Chapter 5 Hierarchical Model

Consider the following model: $\begin{aligned} y_i & \stackrel{ind}{\sim} p(y\mid \theta_i)\\ \theta_i & \stackrel{ind}{\sim} p(\theta\mid \phi) \\ \phi &\sim p(\phi) \end{aligned}$ This is a hierarchical or multilevel model.

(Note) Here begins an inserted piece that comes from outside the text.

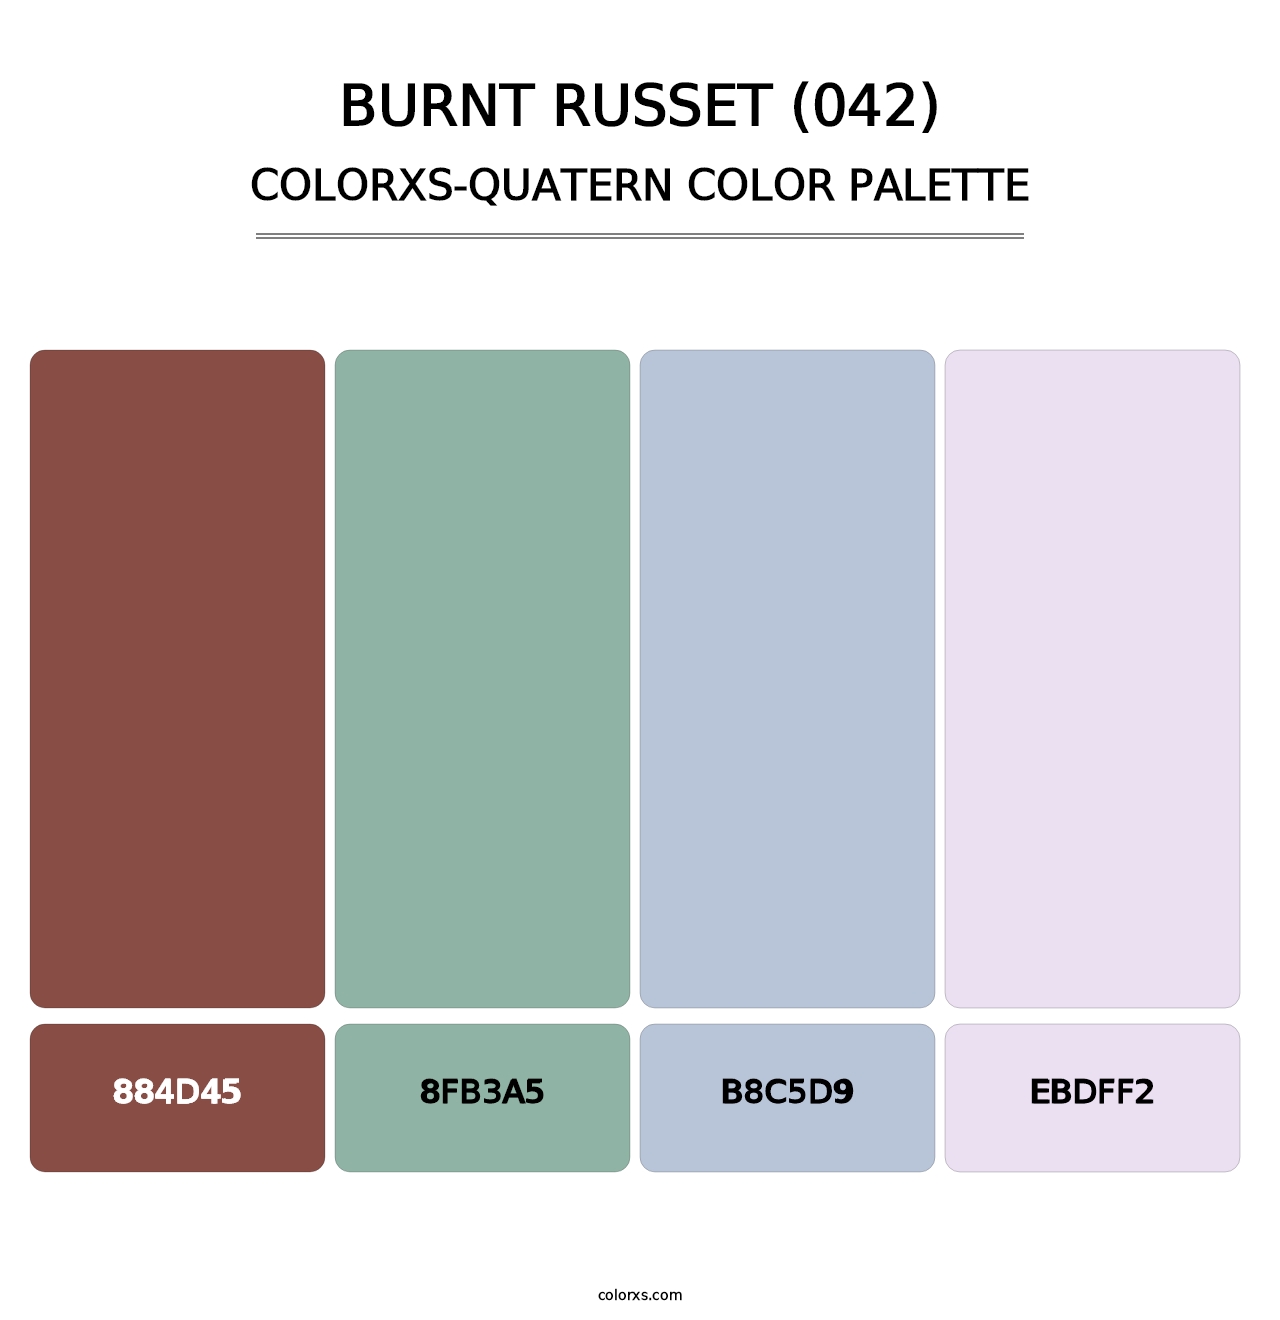 Burnt Russet (042) - Colorxs Quatern Palette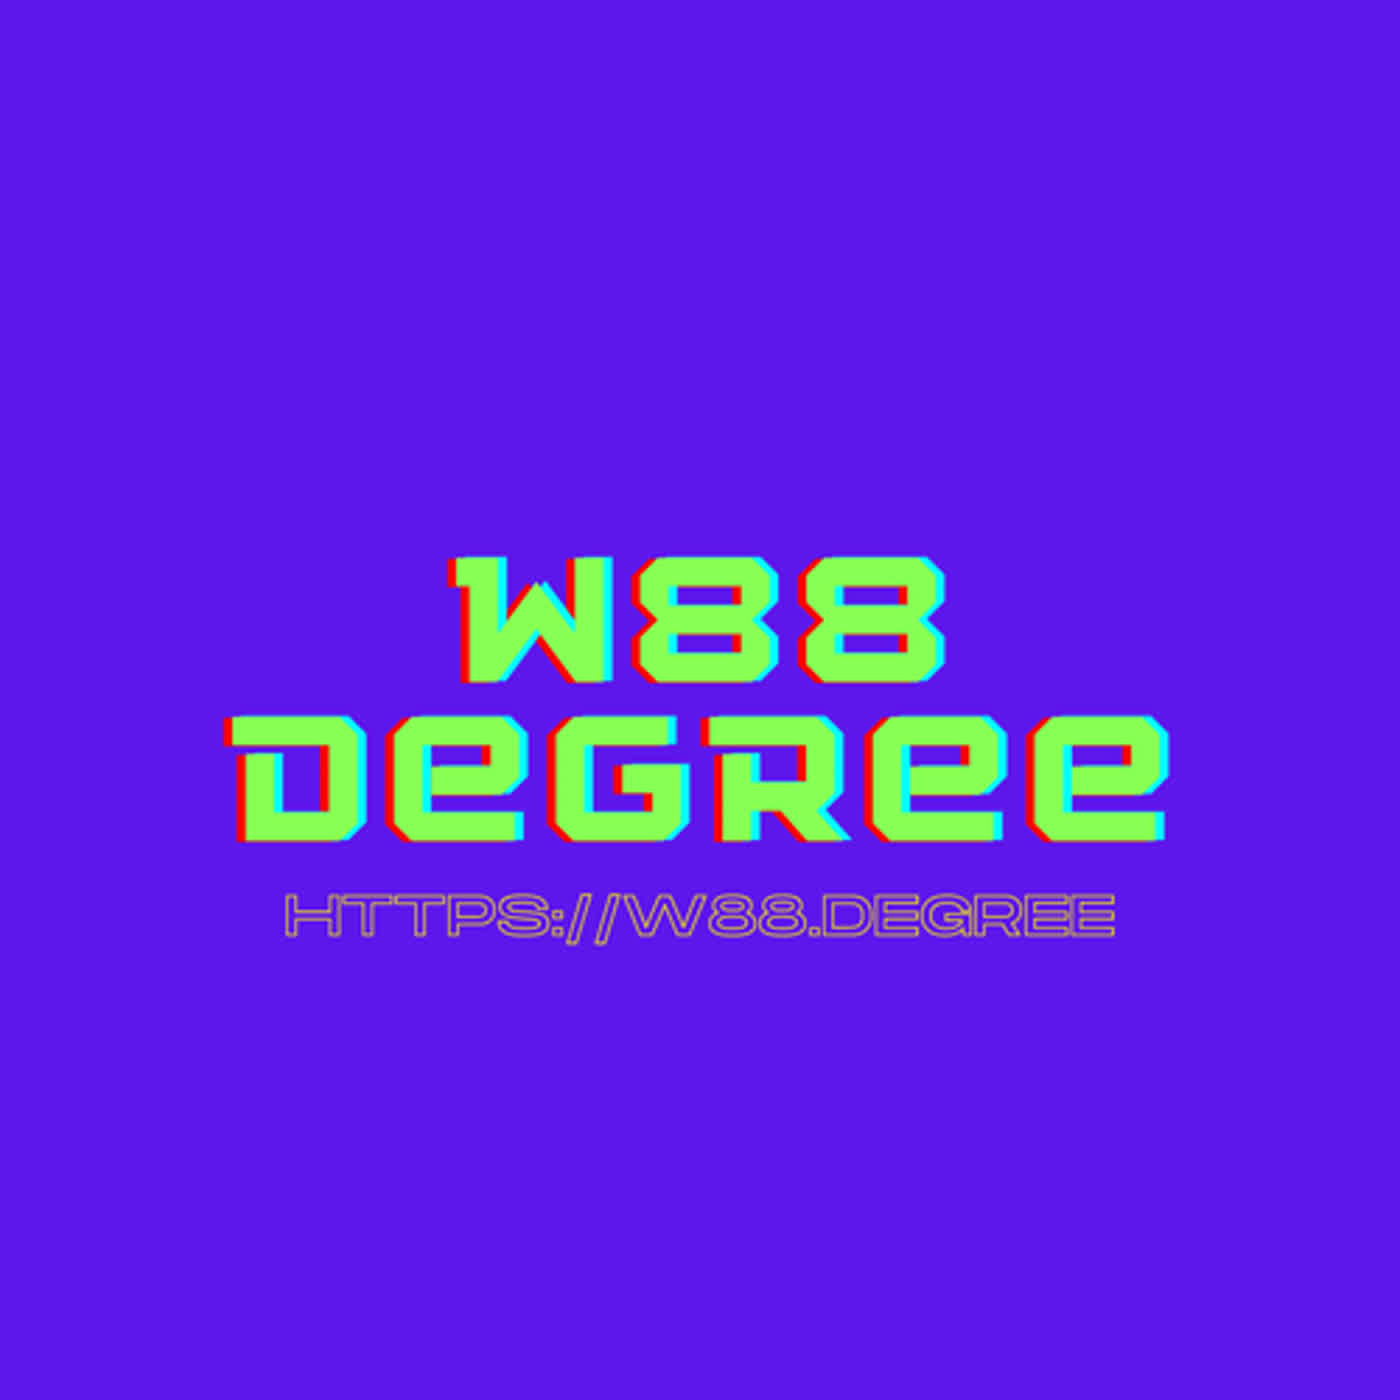 W88 degree

The joint posterior distribution can be decomposed via $p(\theta, \phi\mid y) = p(\theta\mid \phi, y)p(\phi \mid y)$ where

$p(\theta\mid \phi, y) \propto p(y\mid \theta)p(\theta\mid \phi)= \prod_{i = 1}^n p(y_i \mid \theta_i)p(\theta_i \mid \phi) = \prod_{i = 1}^n p(\theta_i \mid \phi, y_i)$
$p(y) p(y) p() $
$p(y \mid \phi) = \int p(y\mid \theta) p(\theta\mid \phi)d\theta = \prod_{i = 1}^n \int p(y_i\mid \theta_i)p(\theta_i\mid \phi) d\theta_i = \prod_{i = 1}^n p(y_i \mid \phi)$

Example: Beta-Binomial

Consider $Y_i \stackrel{ind}{\sim} Bin(n_i, \theta_i) \quad \theta_i \stackrel{ind}{\sim} Be(\alpha, \beta) \quad \alpha, \beta \sim p(\alpha, \beta)$ In this example, $\phi = (\alpha, \beta)$ . $p(\theta \mid \alpha, \beta, y) = \prod_{i = 1}^n Be(\theta_i\mid \alpha + y_i, \beta + n_i - y_i)$ . The marginal posterior for $\alpha, \beta$ is $p(\alpha, \beta \mid y) \propto p(y\mid \alpha, \beta) p(\alpha, \beta)$ with $\begin{aligned} p(y\mid \alpha, \beta) &= \prod_{i = 1}^n \int p(y_i\mid \theta_i) p(\theta_i\mid \alpha, \beta) d\theta_i \\ & = \prod_{i = 1}^n \int Bin(y_i\mid n_i, \theta_i)Be(\theta_i \mid \alpha, \beta)d\theta_i \\ & = \prod_{i = 1}^n {n_i\choose y_i}\frac{B(\alpha + y_i , \beta + n_i - y_i)}{B(\alpha, \beta)} \end{aligned}$ Thus, $y_i \mid \alpha, \beta \stackrel{ind}{\sim} \text{Beta-binomial}(n_i, \alpha, \beta)$ .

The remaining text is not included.